Machine translation (MT) is an important application in our
increasingly connected world. Rapid advances in artificial
intelligence have led to dramatic improvements in data-driven MT
systems (i.e. statistical and neural MT). When an adequate quantity of
training data is available, systems can now produce translations of
sufficient accuracy to be usable in many practical scenarios.
However, the performance of any data-driven system critically depends
on whether the characteristics of its training data match the
characteristics of the data the system encounters in everyday use.

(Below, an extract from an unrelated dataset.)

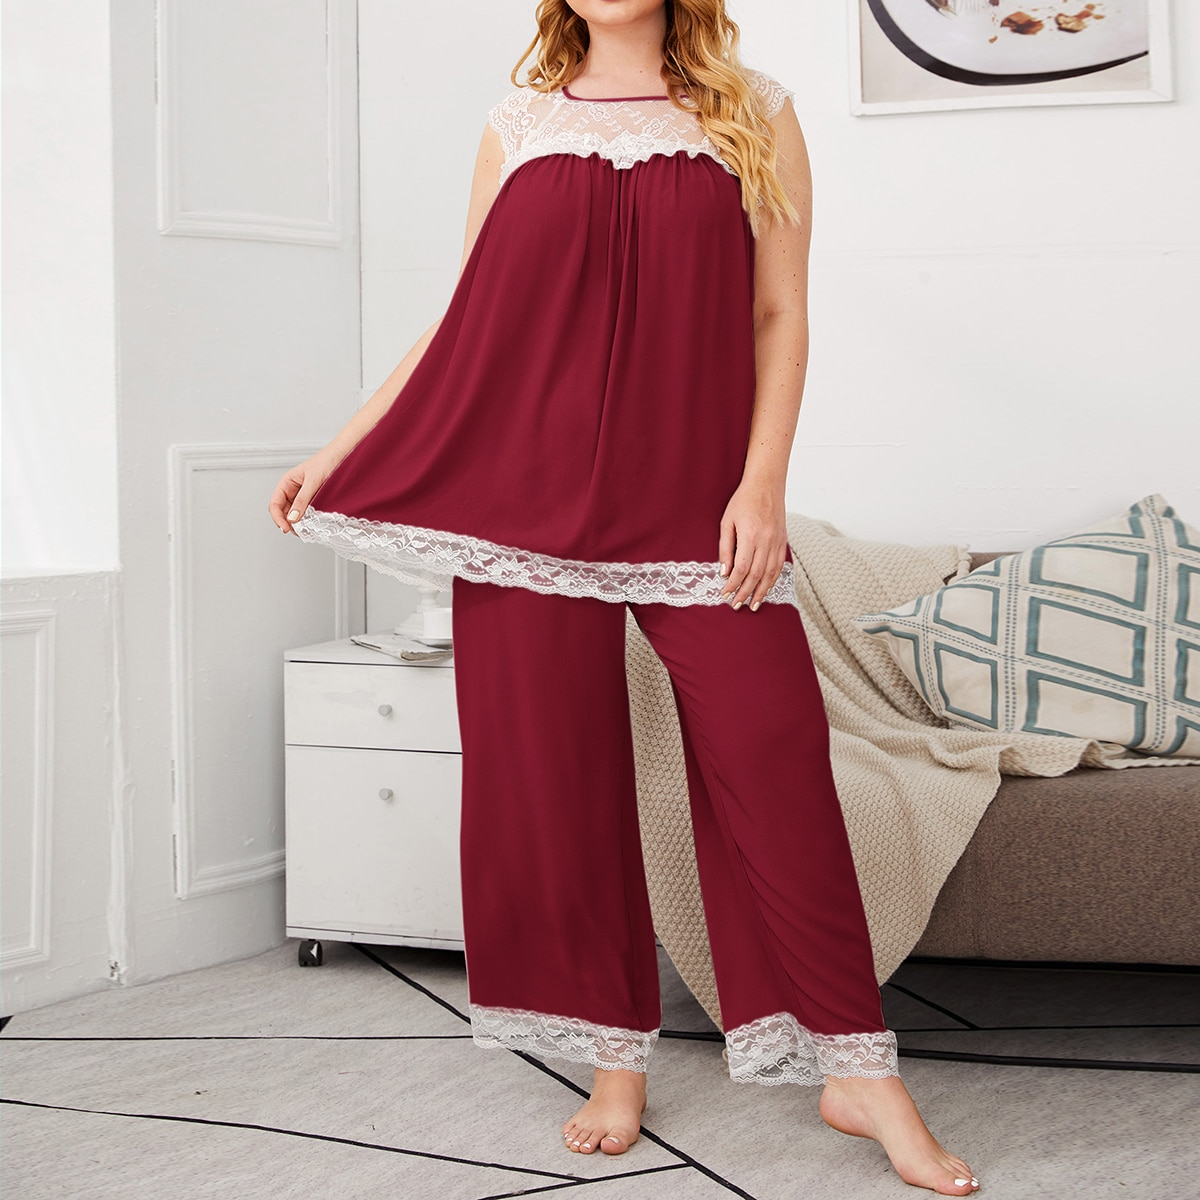 shein Bordeaux Elegant Kleurblok Grote maten pyjama sets Contract kant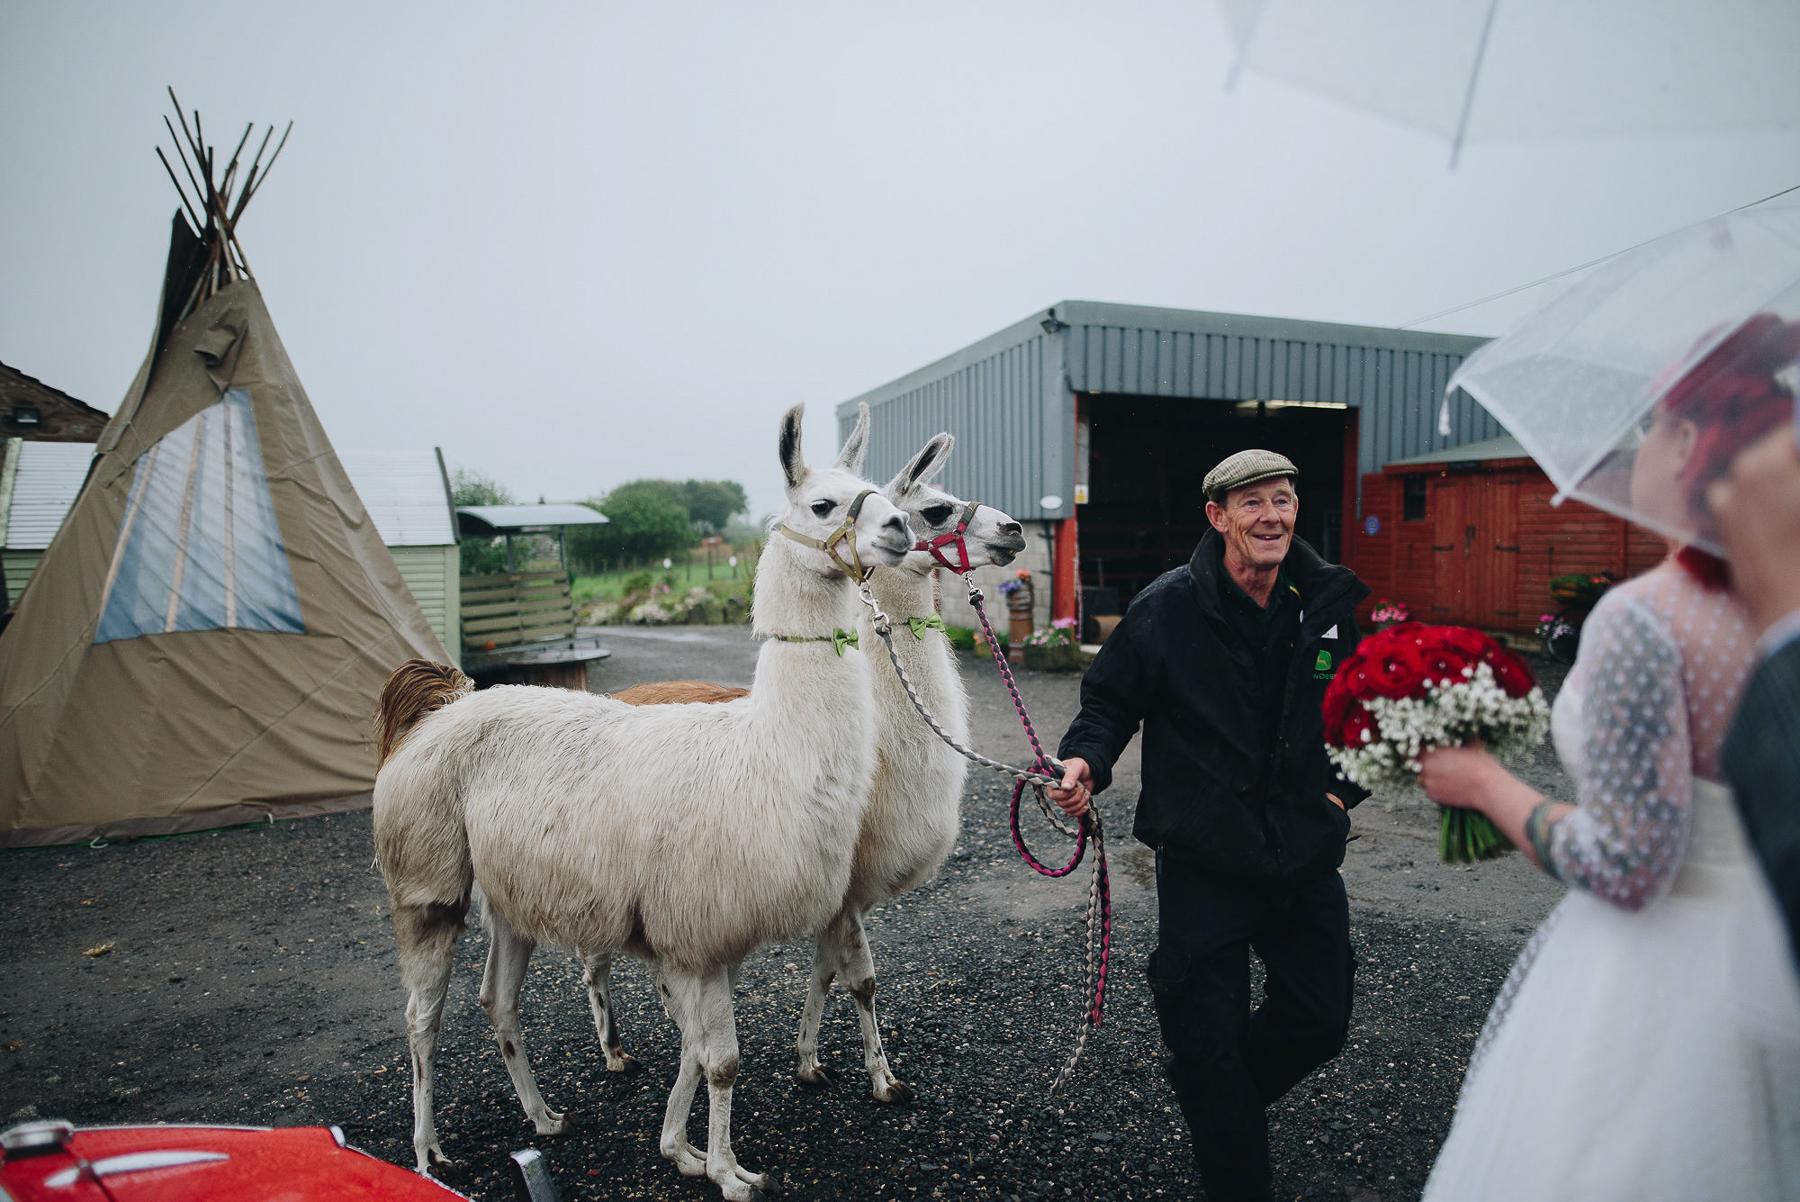 Wellbeing_Farm_Wedding_Photography_The_Pin-Up_Bride_Lara_Shaun-76.jpg

During the summer of 2018, we investigated translation in three
scenarios where domain adaptation is needed: the informal language
common in social media; technical documents such as patents and
scientific articles; and noisy text output by optical character
recognition (OCR) systems. Each of these domains poses important
vocabulary adaptation challenges — scientific documents contain
unknown technical jargon, while social media and OCR results contain
misspellings or variants of known vocabulary. Some of the techniques
for increasing robustness that we explored are use of monolingual
word embeddings, adaptive data filtering, bilingual dictionary mining,
and models of lexical variation. We also compared the performance
of statistical and neural systems on conditions that vary the amount
of available data, the degree of domain mismatch, and approaches to
adaptation.
Recent advances in computer vision have led to novel architectures
based on deep learning that can dramatically improve performance of
optical character recognition (OCR). In SCALE’18 we investigated
keyword and key-phrase search in multilingual image corpora. Key
avenues of exploration include core aspects of the OCR pipeline (text
localization, script/language identification, and decoding) and
retrieval techniques, as well as topics such as generation and use of
synthetic data and domain adaptation in low-resource conditions.
Our first goal was to improve accuracy in each of the core OCR
components. Second we planned to demonstrate and evaluate the full OCR
processing pipeline in several languages; the primary extrinsic
evaluation was be based on keyword search, but other metrics were
investigated as well. Additionally we explorde a combined OCR and
machine translation pipeline.